I've been taking a spring vacation there for 22 consecutive years now. Got my personal best crappie there 3 years ago. A 17 1/4", 3.1 lb white crappie from Ledbetter bay. I got 5 over 2lbs that day. For the last couple years, we've been going later and fishing for the shellcrackers and bluegills. We got some monster crackers last trip. I've got pics if you want to see them. Not trying to one up CD as i have some nice pics too from that lake.


----------



## chaunc

http://i41.photobucket.com/albums/e253/ken_e_getem_n/Img_0293.jpg
http://i41.photobucket.com/albums/e253/ken_e_getem_n/Img_0297.jpg

http://i41.photobucket.com/albums/e253/ken_e_getem_n/IMG_0777.jpg
http://i41.photobucket.com/albums/e253/ken_e_getem_n/IMG_0779.jpg
http://i41.photobucket.com/albums/e253/ken_e_getem_n/IMG_0025.jpg
http://i41.photobucket.com/albums/e253/ken_e_getem_n/IMG_0014.jpg
http://i41.photobucket.com/albums/e253/ken_e_getem_n/IMG_0026.jpg
http://i41.photobucket.com/albums/e253/ken_e_getem_n/IMG_0019.jpg
These are from 2006 and 2007


----------



## chaunc

http://s41.photobucket.com/albums/e253/ken_e_getem_n/?action=view&current=IMG_0021.jpg
http://i41.photobucket.com/albums/e253/ken_e_getem_n/IMG_0772-1.jpg
http://i41.photobucket.com/albums/e253/ken_e_getem_n/kylake09.jpg
http://i41.photobucket.com/albums/e253/ken_e_getem_n/IMG_0005-17.jpg
http://i41.photobucket.com/albums/e253/ken_e_getem_n/3.jpg
http://i41.photobucket.com/albums/e253/ken_e_getem_n/6.jpg
These are from 2008 and 2009


----------



## fishdealer04

It is a big lake, but its like everyone else said, pick section and work on it. I have fished KY lake one time in March a few years back on spring break trip with the family. My dad and I fished all around the first day and ended up finding a nice spot. We did not leave that spot the rest of the week. Kept catching nice crappie, gills and bass out of the same spot every day. I liked it a lot better than I did Cumberland.


----------



## Mean Morone

Man those are great pictures. I would love to get into some of those shellcrackers. What are you getting those thing on? What about sauger, I thought this lake was full of them.


----------



## crappiedude

All the fish I've posted have come off of jigs. I have fished pieces of night crawlers at times and did pretty good on the redears. I go Ky Lake some time in April but I think the redear fishing really pics up in May. In the really warm springs we can catch quite a few redear in early April. I know one fish you never hear mentioned much in Ky Lake is catfish. Some days we take a break from the Crappie and smallmoth and I think you could sink your boat with the catfish. We don't keep them, we just catch them for fun.
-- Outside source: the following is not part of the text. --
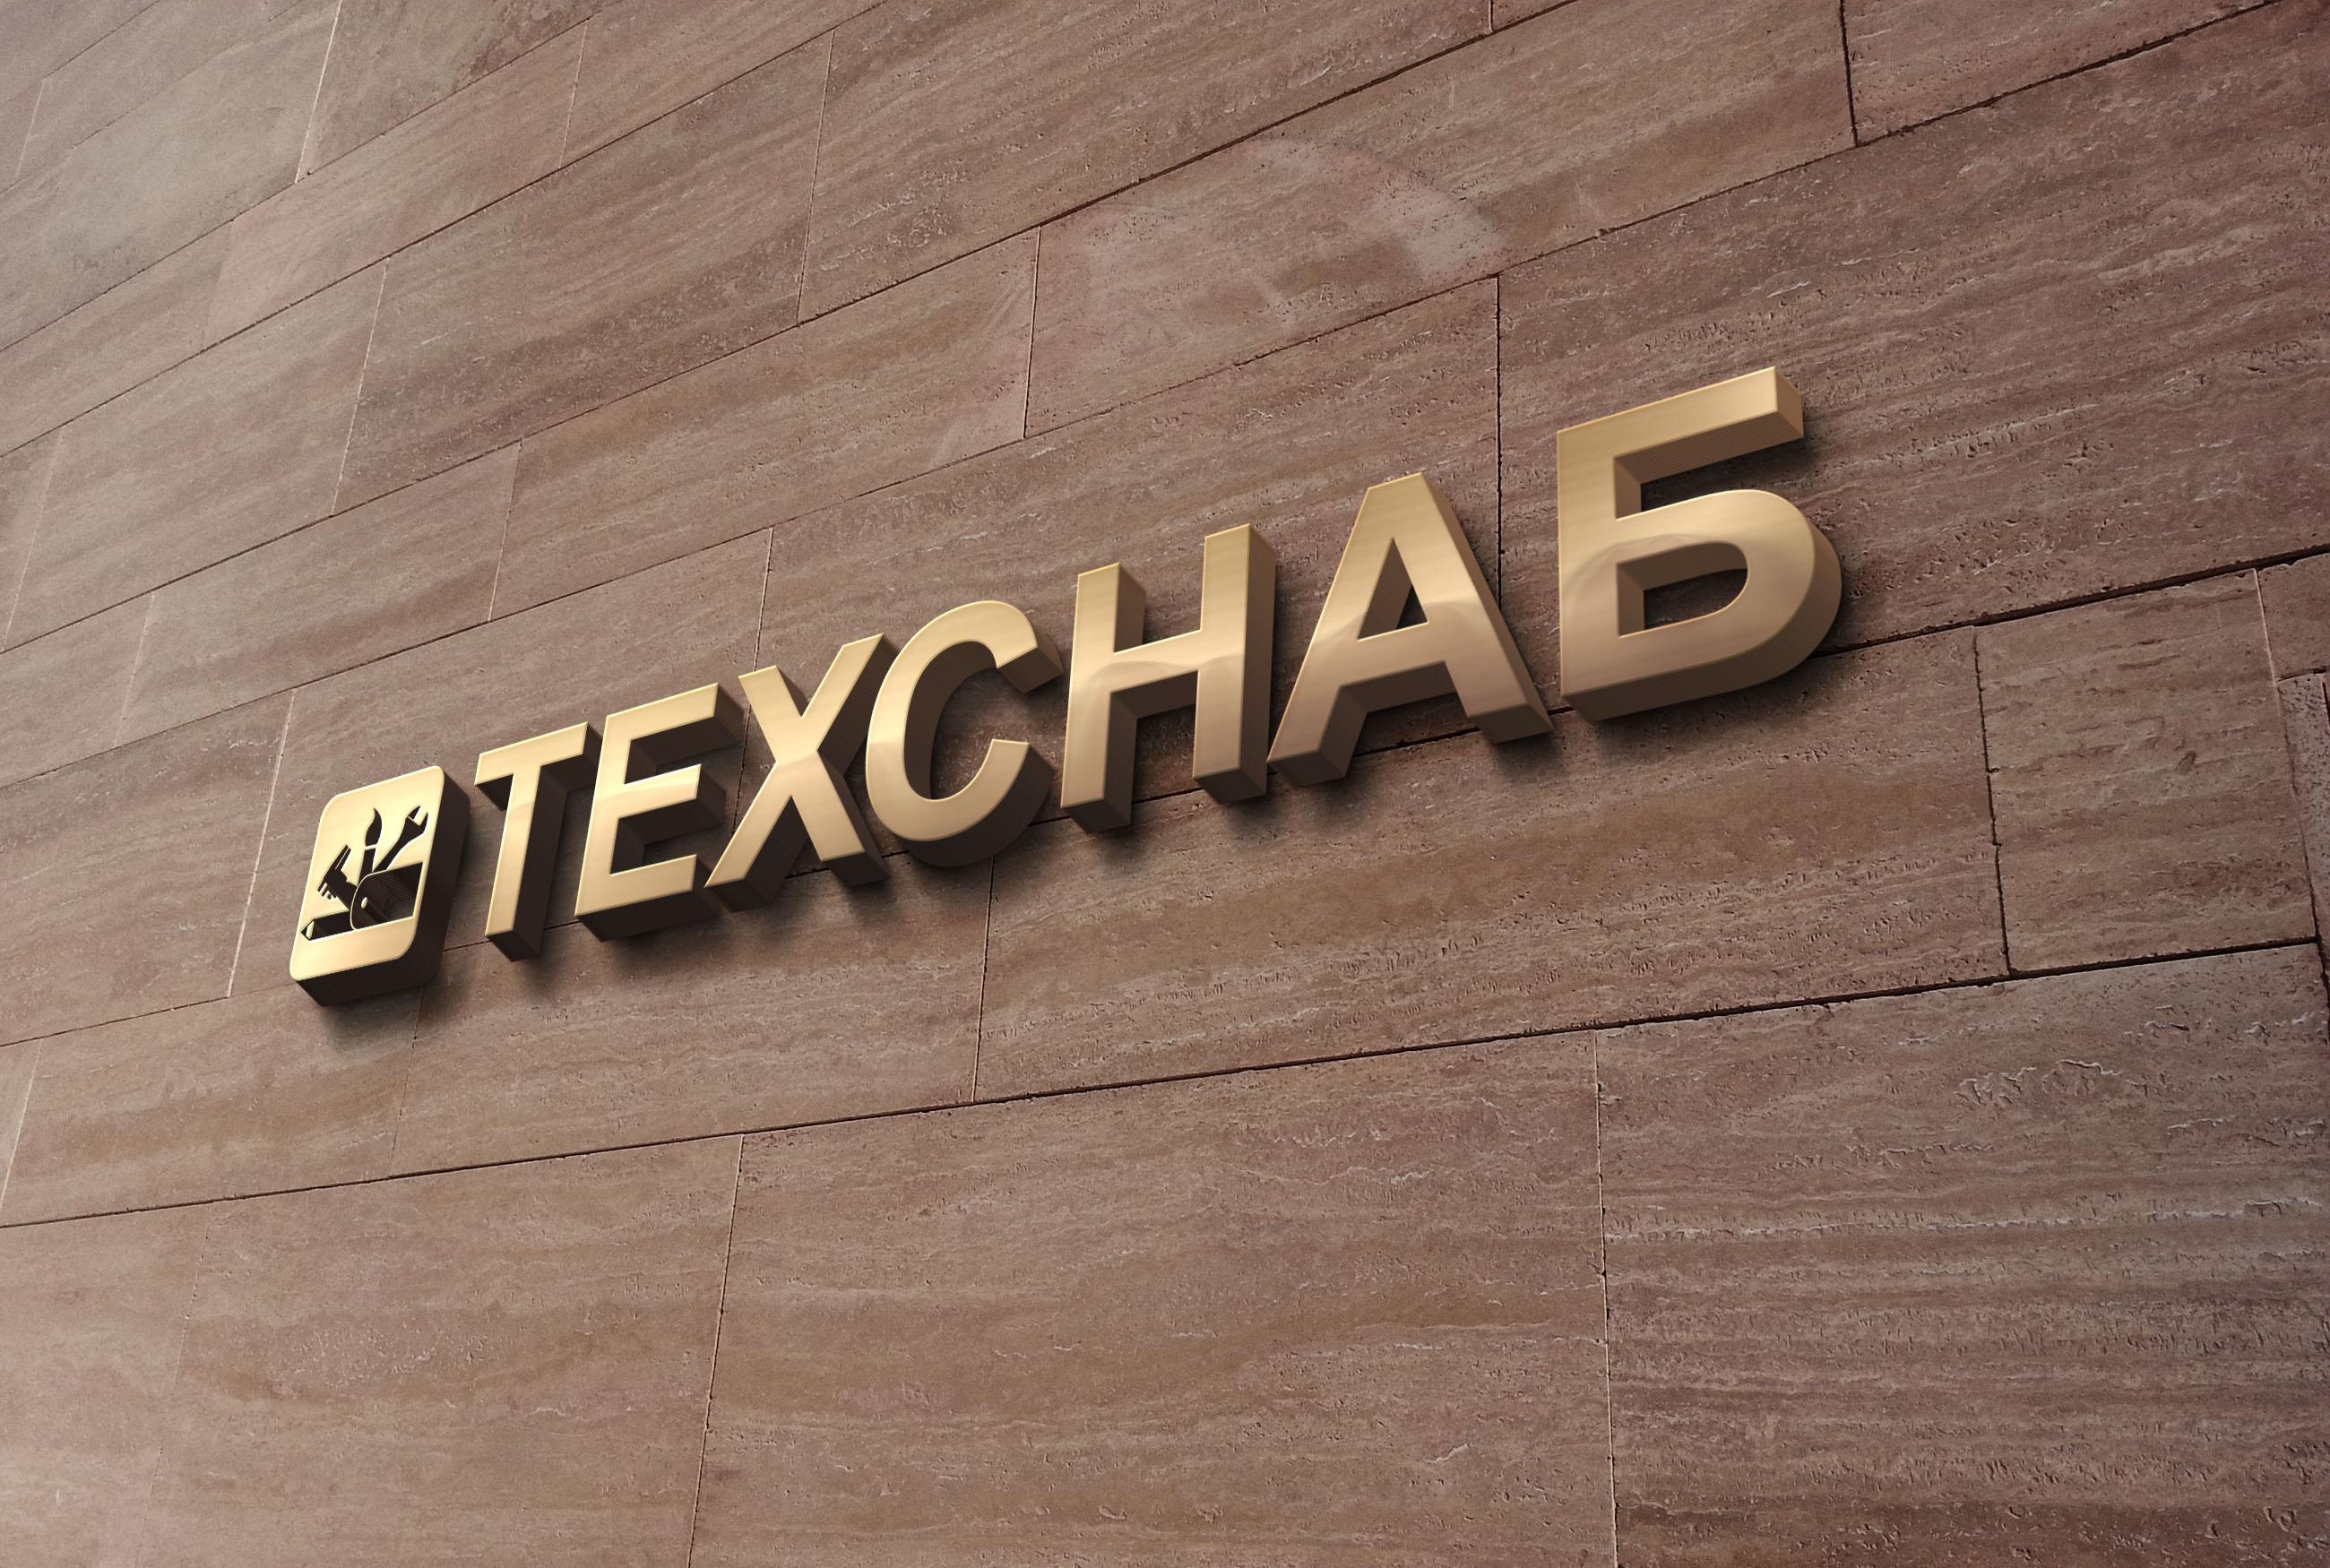 Разработка логотипа и фирм. стиля компании  ТЕХСНАБ фото f_9285b1ead6f490d3.jpg

We usually just use lave bait on our 12' crappie poles. It's a hoot. Most run between 3 and 10 lbs.
We do catch a few sauger here and there but it's more an accident than on purpose. We also catch a few ring perch but they're usually pretty small. The last few years it seems there has been a 6"-10" bass explosion, they're everywhere.


----------



## chadwimc

I used a guide the first time I went. It was well worth it. My friend and I went in April. Hooked a 20 lb sheephead jigging for crappie.The temp on the water that morning was 38 degrees...


----------



## Snyd

I was thinking about heading down to Kentucky Lake this year but wasn't forsure where to stay. I know there are several places but was hoping to get someones thought's and sugestions that have been there a few times for lodging info.


----------



## crappiedude

We usually camp at Hillman Ferry Campground. That's on the northend of the lake on the LBL (east side). I've stayed at Ken Lake State Park and the cottages we pretty nice. It's about mid lake on the western side of the lake. It's a whole lot of lake so if you've never been there, pic a spot and go from there. Be careful running the lake if the wind gets up.
Usually you can find some calmer water in the bays.
I know lots of guys go there maybe they'll chime in on some good places to stay.


----------



## bdawg

Those pics have got me really chomping at the bit to go!!! Told the wife that we need to go there for a summer vacation this year! Would love to catch some 1lb ears and 2lb crappie. Any places that you guys can suggest that have cabins and boat rental? Especially if they are good for the family. Never vacationed in Kentucky. It would be and 8 hour drive to the lake from my house. Is it worth it?


----------



## chaunc

" It would be and 8 hour drive to the lake from my house. Is it worth it? "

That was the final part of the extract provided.